I’d say the clarity of information. Not so much for myself or my work colleagues as we are fed information from a central source through the hospital with a very measured approach. My friends, family and the general public seem to be overwhelmed with conflicting information and come to us as health professionals for answers. It’s hard to give a response that is practical and serious but also measured with compassion and empathy.

What can workplaces do to better support FOR THEIR EMPLOYEES during this time?

I think we are lucky that we are able to have some form of ‘social life’ with our colleges at work. However, all of us are experiencing hardships in some form outside of work so workplaces can set up social interactions and supports that are appropriate to the changes. For example, online communities and interactions that keep people connected and motivated while at home.

What impact do you expect this crisis to have on the global jobs market?

I’m no expert in this field but I’d imagine that there will be a greater increase in people pursuing ‘essential’ work in the future. There may be a reduction in positions around art and creativity.
People are aware of the extraordinary work going on in the healthcare sector right now. But what about the forgotten heroes – people who might be exposing themselves to risk to keep the wheels of our societies turning? Who are the vulnerable workers, and what can be done to protect them?

This is an excellent point and something that should not be overlooked. It’s imperative that we value less acknowledged people such as cleaners and store people. Minor changes in the public mindset can really influence this, for example, referring to cleaners as Public Hygiene Workers may help people consider their role differently.

Times of the crisis have historically also been opportunities for change. Are you optimistic that as we emerge from this, it could be a chance to create a better future?

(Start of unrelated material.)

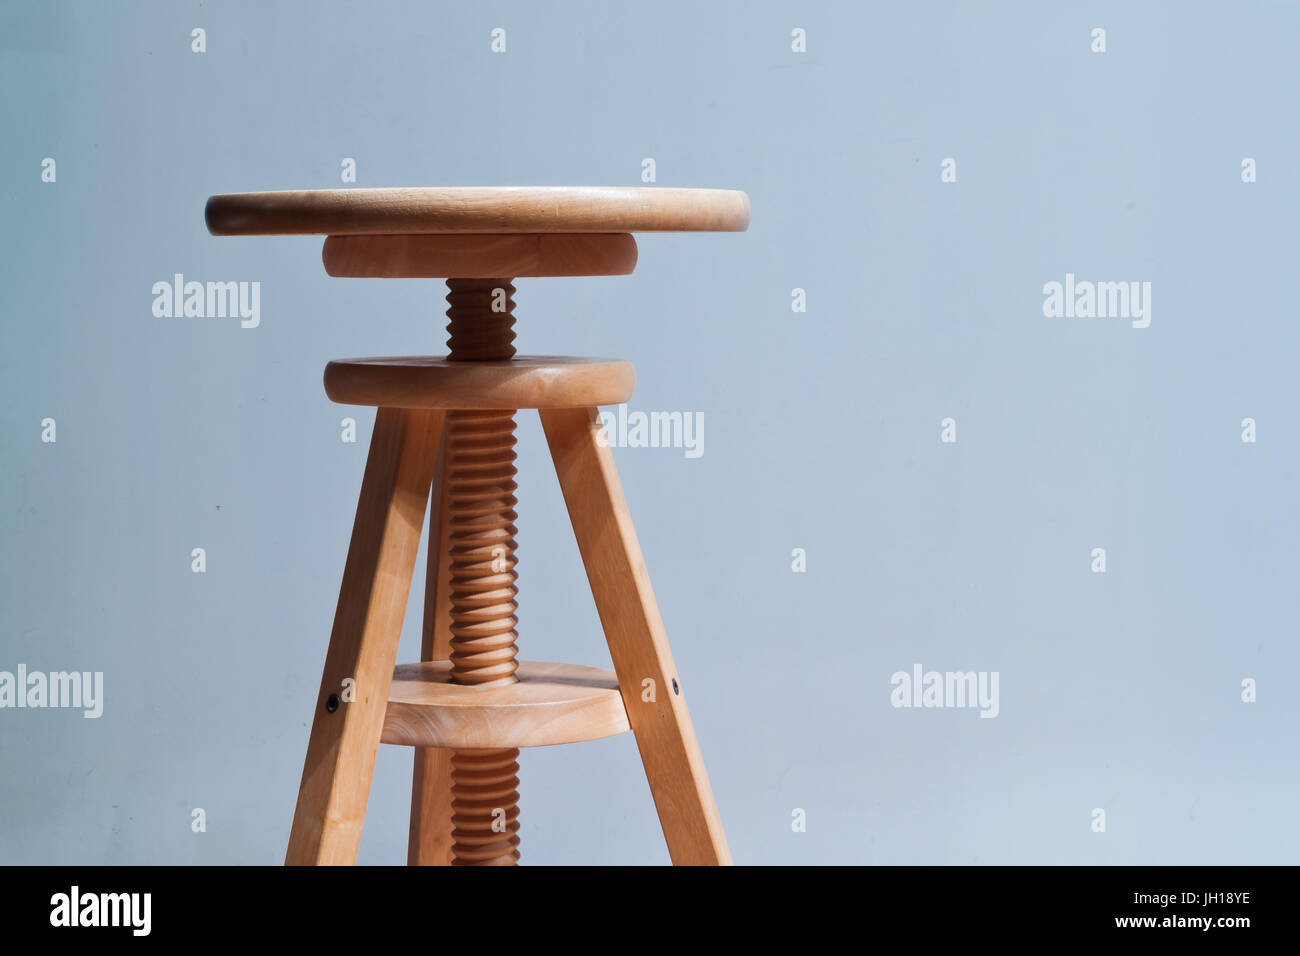 Sgabello immagini & sgabello fotos stock alamy

I’m definitely optimistic for a better future after this. I feel that once people come to realise the great impact they can have through a collective approach to the health of their communities they will be able to feel a greater sense of control and influence over health. I think this will motivate communities to think differently and feel empowered to support those who are vulnerable. I think having positive health outcomes from travel restrictions, lockdown laws and social distancing will demonstrate how as individuals we have the power to influence health which will change people’s mindsets in the future.